On 5 Feb 2009, at 18:29, I. Savant wrote:

On Thu, Feb 5, 2009 at 1:21 PM, Josh de Lioncourt
<overl...@lioncourt.com> wrote:

There are several reasons we're not doing it this way. One is that our application data will be stored in a customized format that is *not* a .plist file, because we need to maintain cross-platform support. Yes, I know that technically I could write WIndows code to parse the .plist, but the better, simpler solution for our specific situation is customized data
files.  It doesn't seem wise to me to store non-.plist files in
~/Library/Preferences. Believe me, I'm very familiar with Mac. I actually realy dislike Windows, and if I could drop cross-platform necessities, I
would. :)

 Your reasoning doesn't quite seem ... reasonable to me. :-)

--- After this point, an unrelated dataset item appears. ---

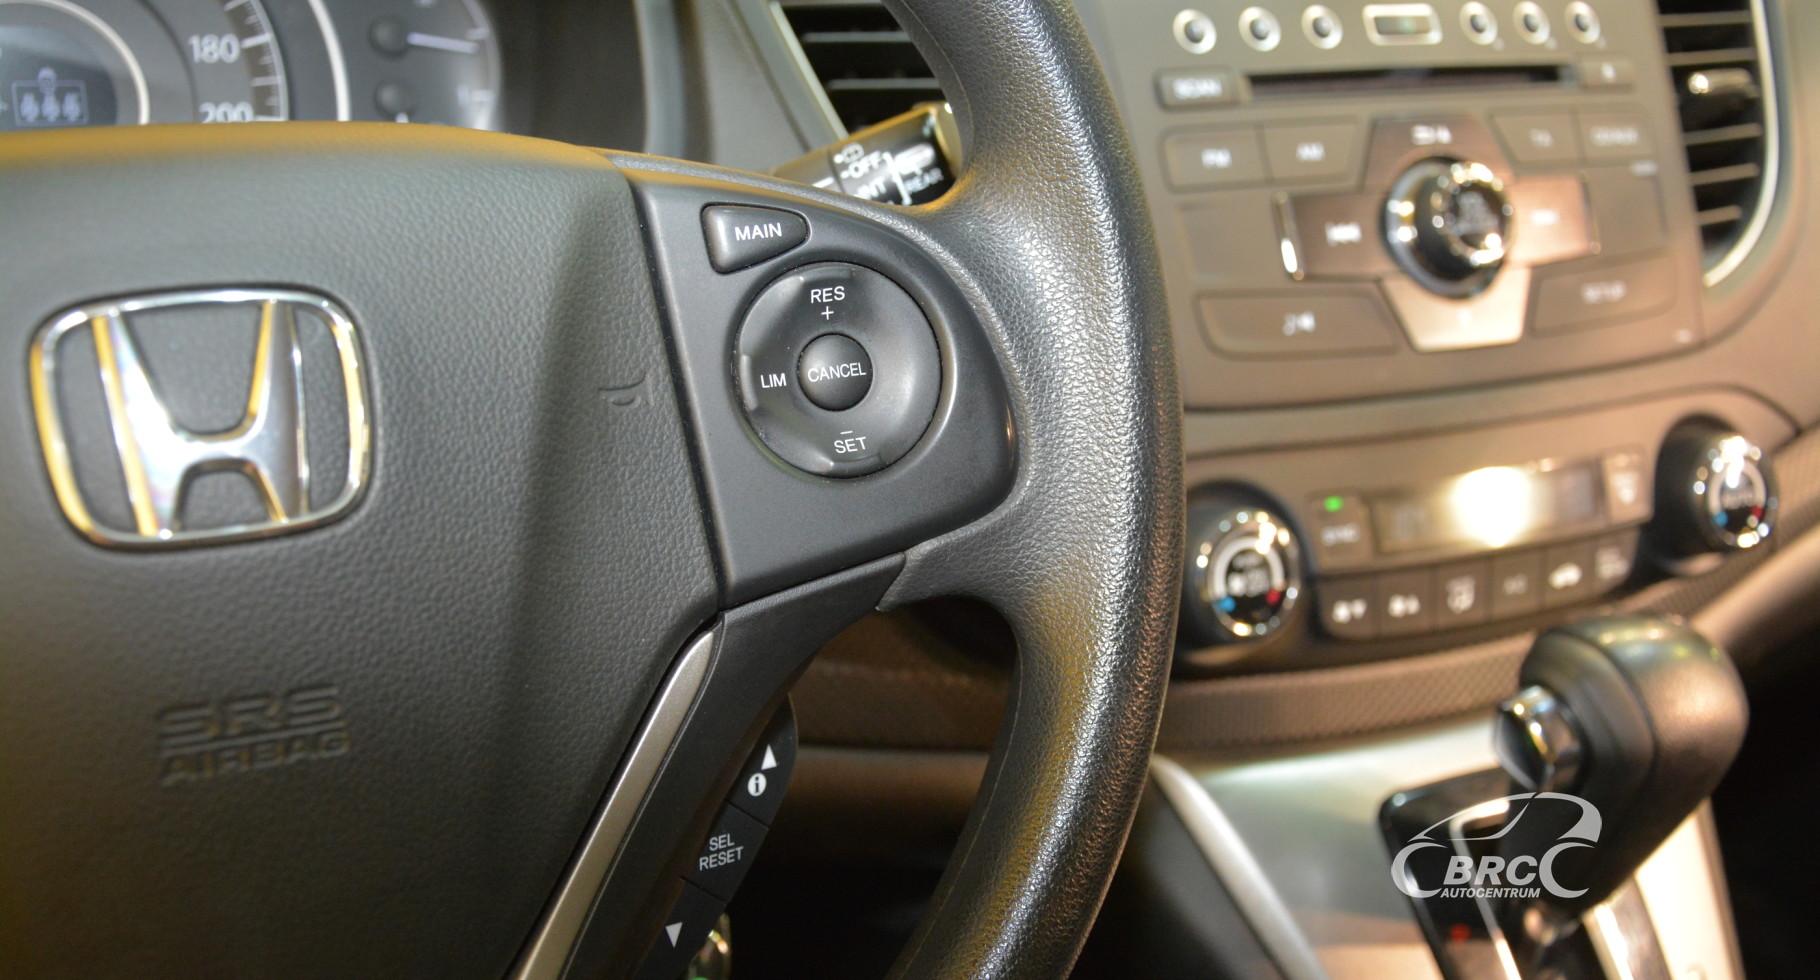 Honda CR-V 2 2 i-DTEC Automatas (ID: 804475) | BRC Autocentrum

 Specifically, when would your Windows version be reading the Mac
version's preferences and vice-versa? Presumably your user has *data*
they wish to share between their Mac and their Windows computers,
which is one thing, but the *preferences* are specific to the app /
machine (and even more specifically, the user), right? Why not use
each platform's native preferences/settings interfaces to store this
information where it belongs?

I think this reasoning makes even more sense when you consider those users out there having MobileMe synchronise their preferences. With your custom approach, this would break, against the user's expectations.